• TASK INSTRUCTIONS:
Copy out the data from the line containing "Energielabel Zandrivier 12-102 Zeegse" to its last line, exactly. No pictures.

• RECORDED DATA:
============================================================

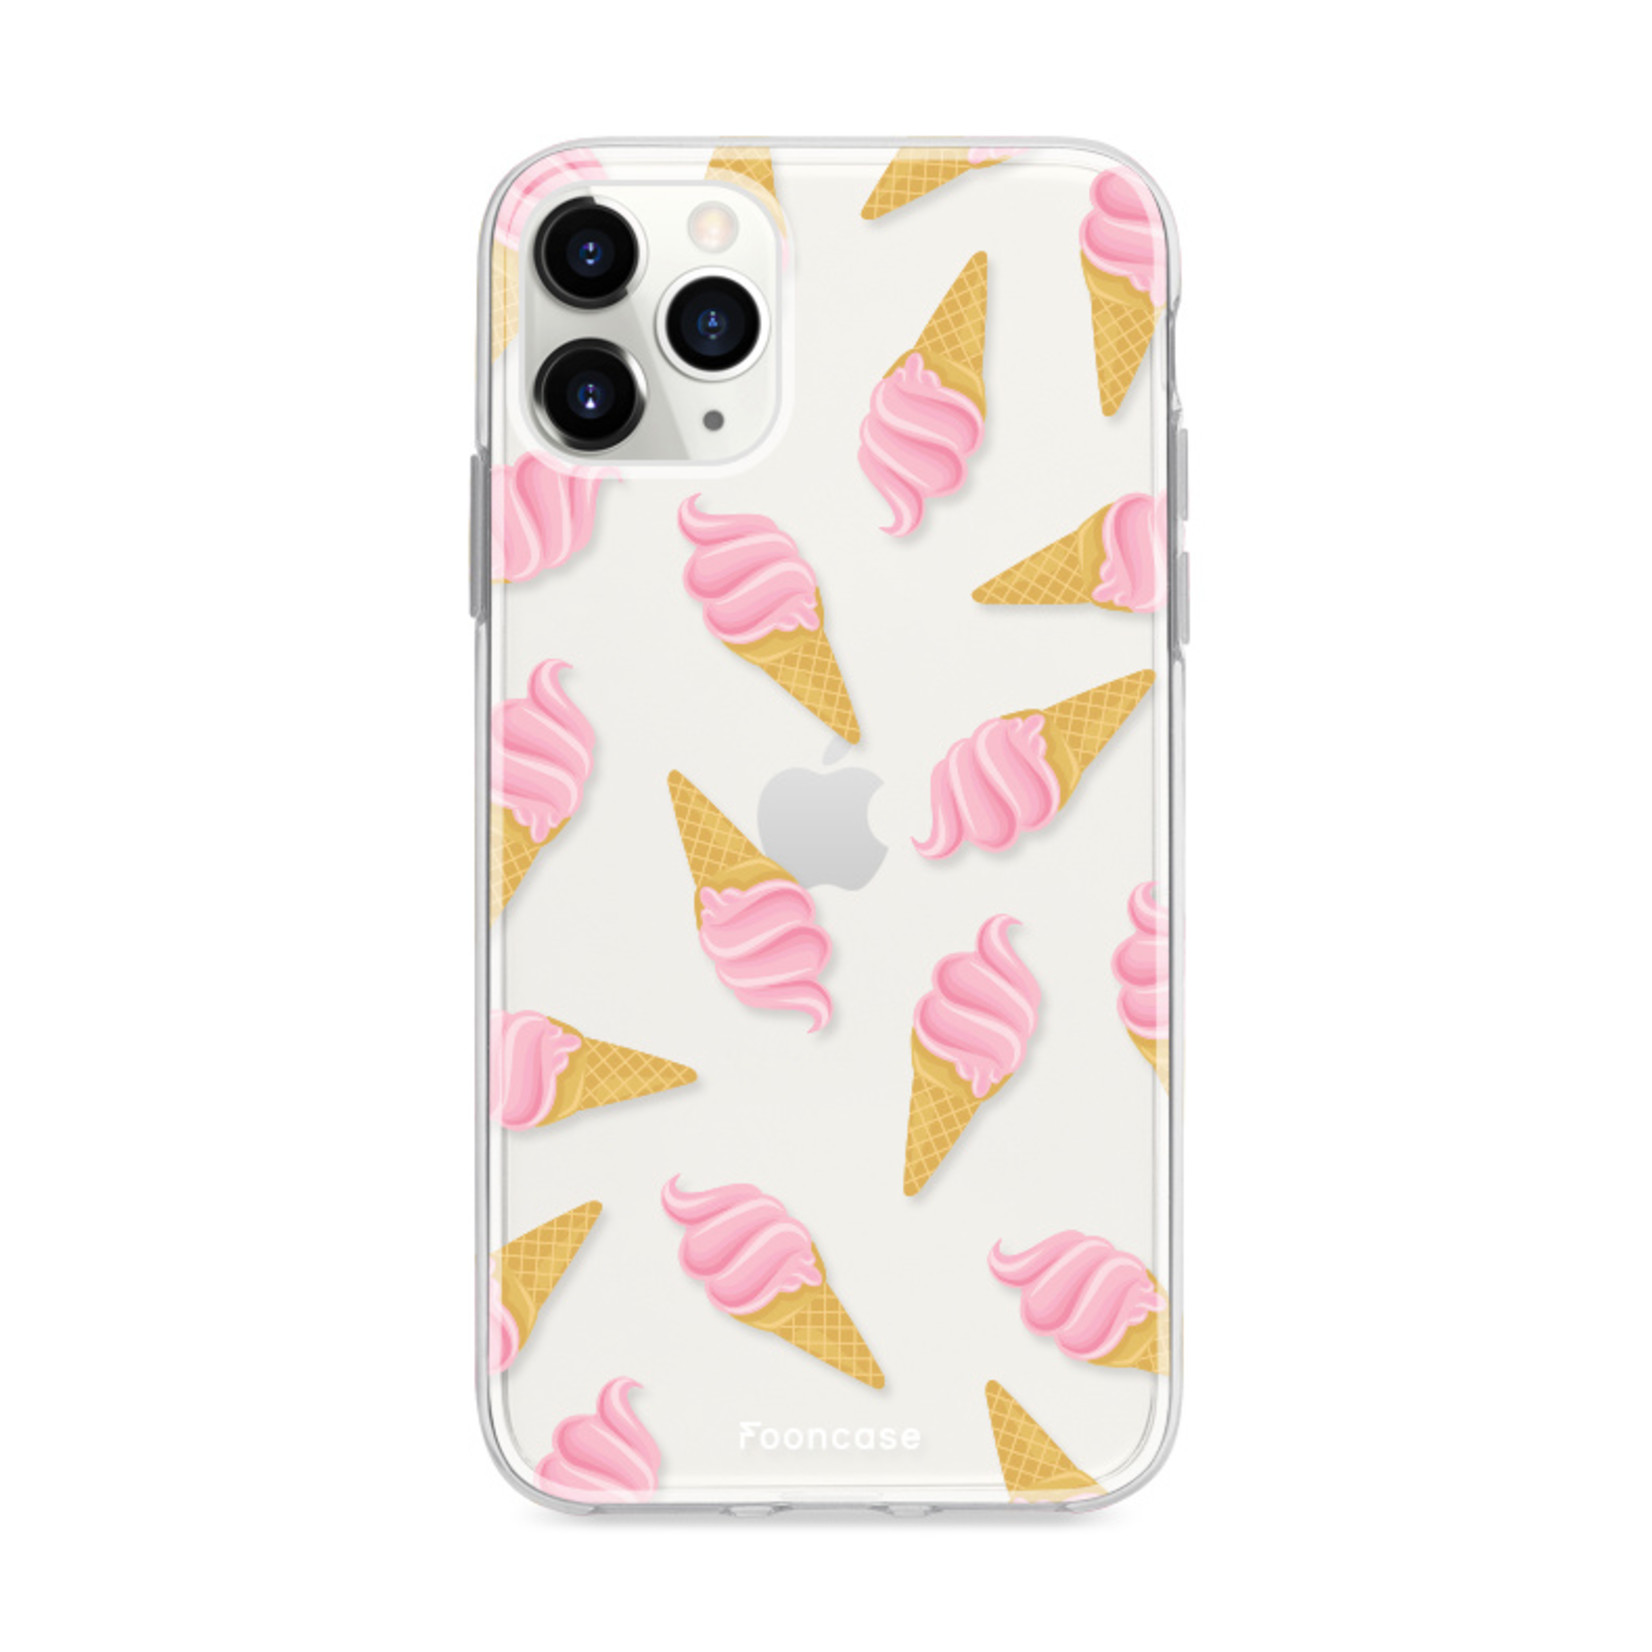 FOONCASE iPhone 12 Pro Max hoesje TPU Soft Case - Back Cover - Ice Ice Baby / Ijsjes / Roze ijsjes
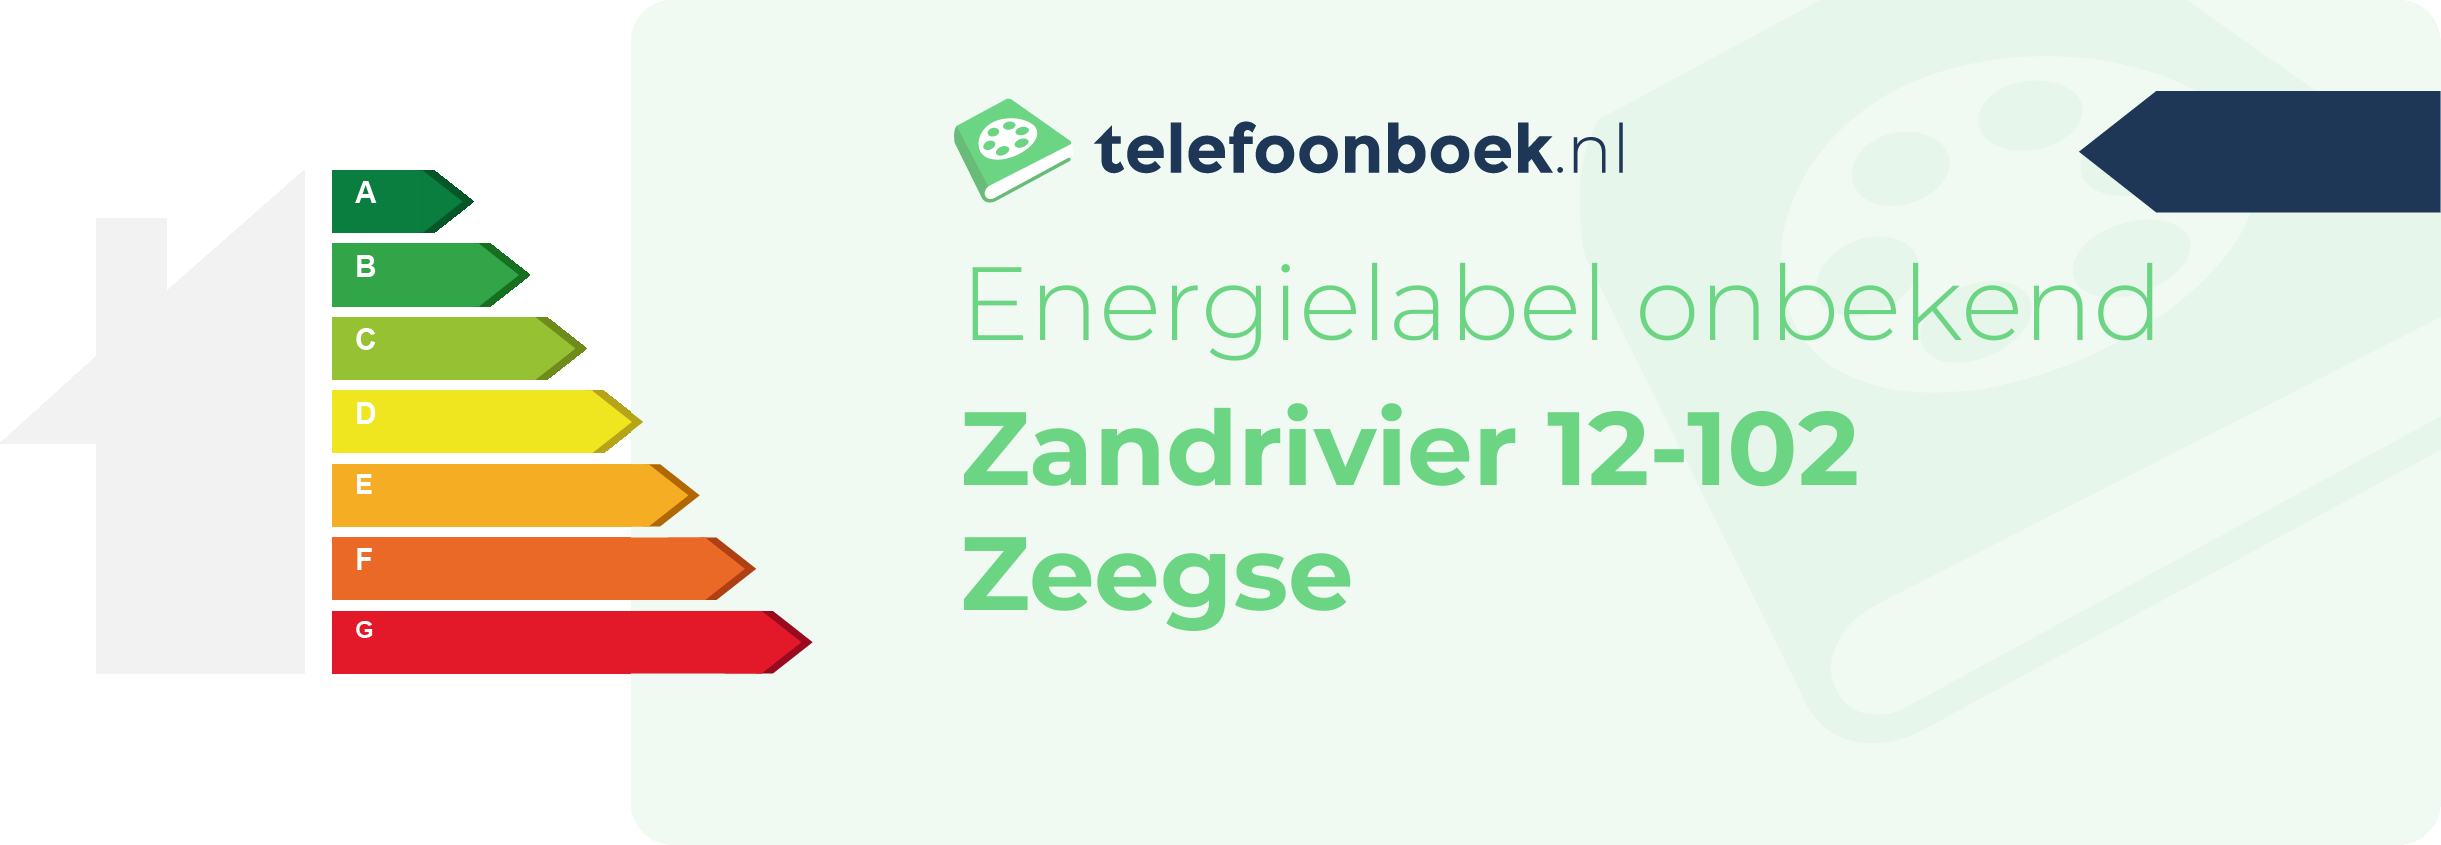 Energielabel Zandrivier 12-102 Zeegse
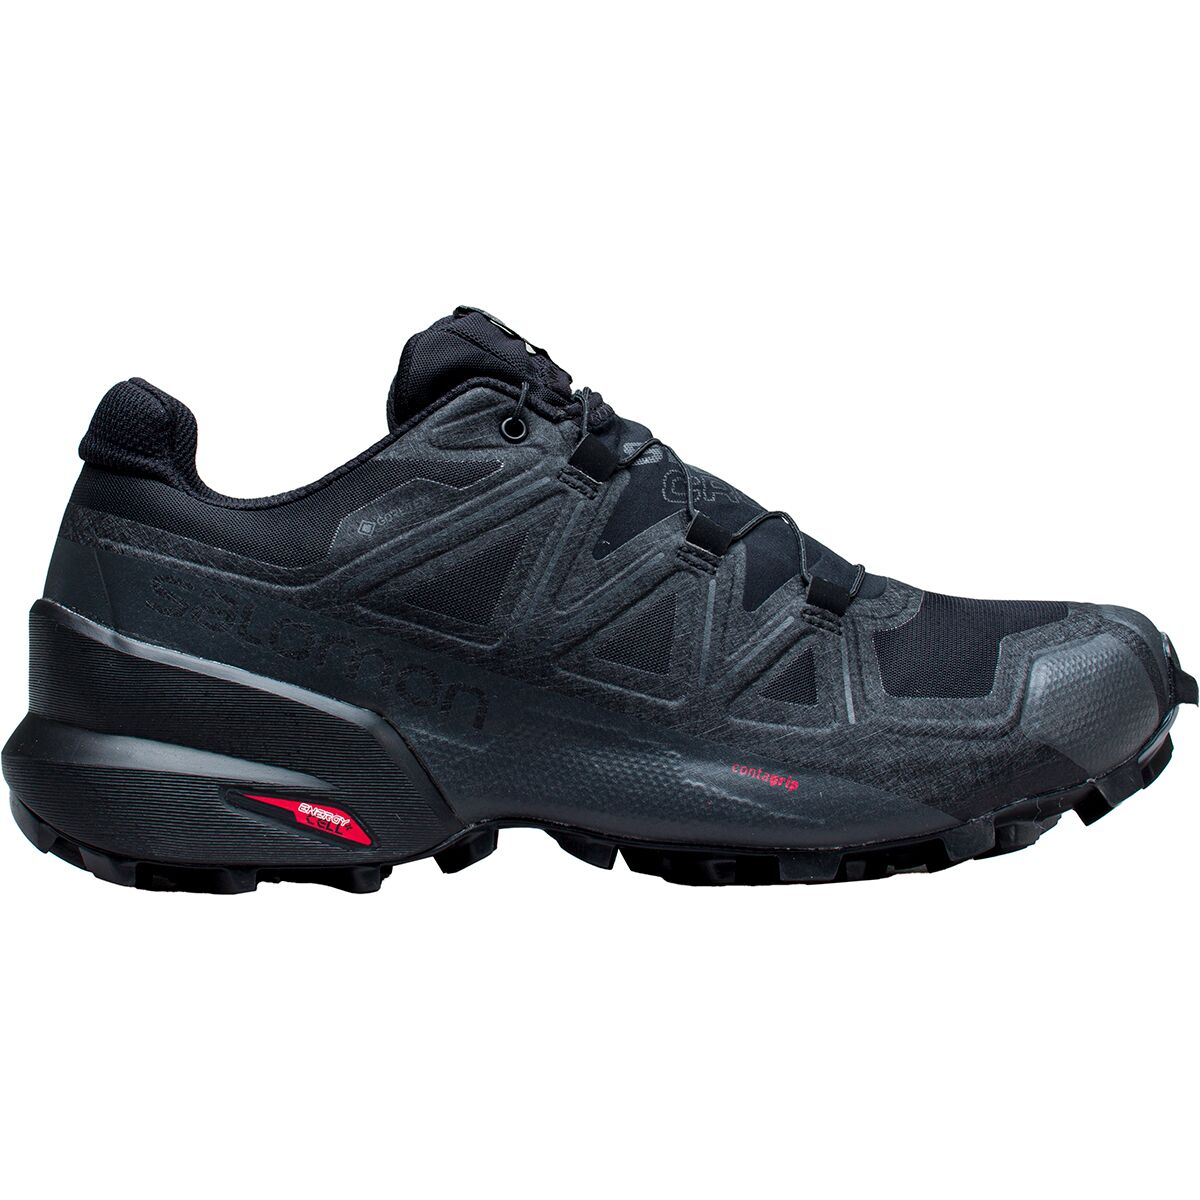 Salomon GTX Trail Running Shoe - Women's - Footwear

============================================================

• SOLUTION TO THIS EXERCISE:
 Energielabel Zandrivier 12-102 Zeegse
 Salomon GTX Trail Running Shoe - Women's - Footwear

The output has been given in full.